Information is improving about the steps that LULUCF projects will need to take for CDM approval, although key uncertainties remain. LULUCF projects were initially thought of as a very low-cost mitigation option, but that situation has already changed. Today, projects must be much more rigorously designed, quantified and verified, and the pending rules governing permanence will almost certainly increase the cost of greenhouse gas credits from LULUCF projects. Instead of costing pennies per tonne of carbon or CO2 sequestered (as the earliest projects were said to do), many high-quality LULUCF projects may cost US$3 to $10 or more per tonne of CO2equivalent (US$10 to $35 per tonne of carbon).1 

A key wildcard in predicting the impact of the greenhouse gas market on forestry is the market value of greenhouse gas credits in general. Even here there are huge uncertainties. Will the Kyoto Protocol enter into force? Will the United States rejoin global climate change mitigation efforts? Will post-2012 emissions reduction targets for industrialized countries be significantly more stringent (creating a greater demand for credits)? Today, greenhouse gas credit prices are still very low (US$1 to $5 per tonne of CO2equivalent). Most observers have assumed that greenhouse gas credit prices will rise with the entry into force of the Kyoto Protocol, but some analysts now estimate that prices will remain very low, at least as long as the United States remains outside the protocol. Far from flooding the market, as many observers initially feared, LULUCF projects may have difficulty competing in a market characterized by such low prices.

The challenges of looking to the greenhouse gas market to promote forestry-sector projects in the near term are evident. The up-front costs of positioning a project for the CDM will often be significant, and the financial returns modest. The promise of the greenhouse gas market as a source of billions of dollars of new forestry-sector funding will almost certainly remain unfulfilled for the foreseeable future. Nevertheless, some well-positioned forestry projects will be able to take advantage of the developing greenhouse gas market in the near term.

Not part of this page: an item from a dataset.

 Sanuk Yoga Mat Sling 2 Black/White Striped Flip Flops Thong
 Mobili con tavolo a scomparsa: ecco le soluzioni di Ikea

The project area of the Guaraqueçaba Climate Action Project in Brazil, which purchases buffalo ranches in selected areas for the purpose of restoring degraded pastures to forest cover

GUARAQUEÇABA CLIMATE ACTION PROJECT



1 Although foresters think in terms of carbon, the unit of currency in the market is CO2or, given that there are six potential gases involved, CO2equivalent. To convert from US$ per tonne of CO2to US$ per tonne of carbon, multiply by 3.67.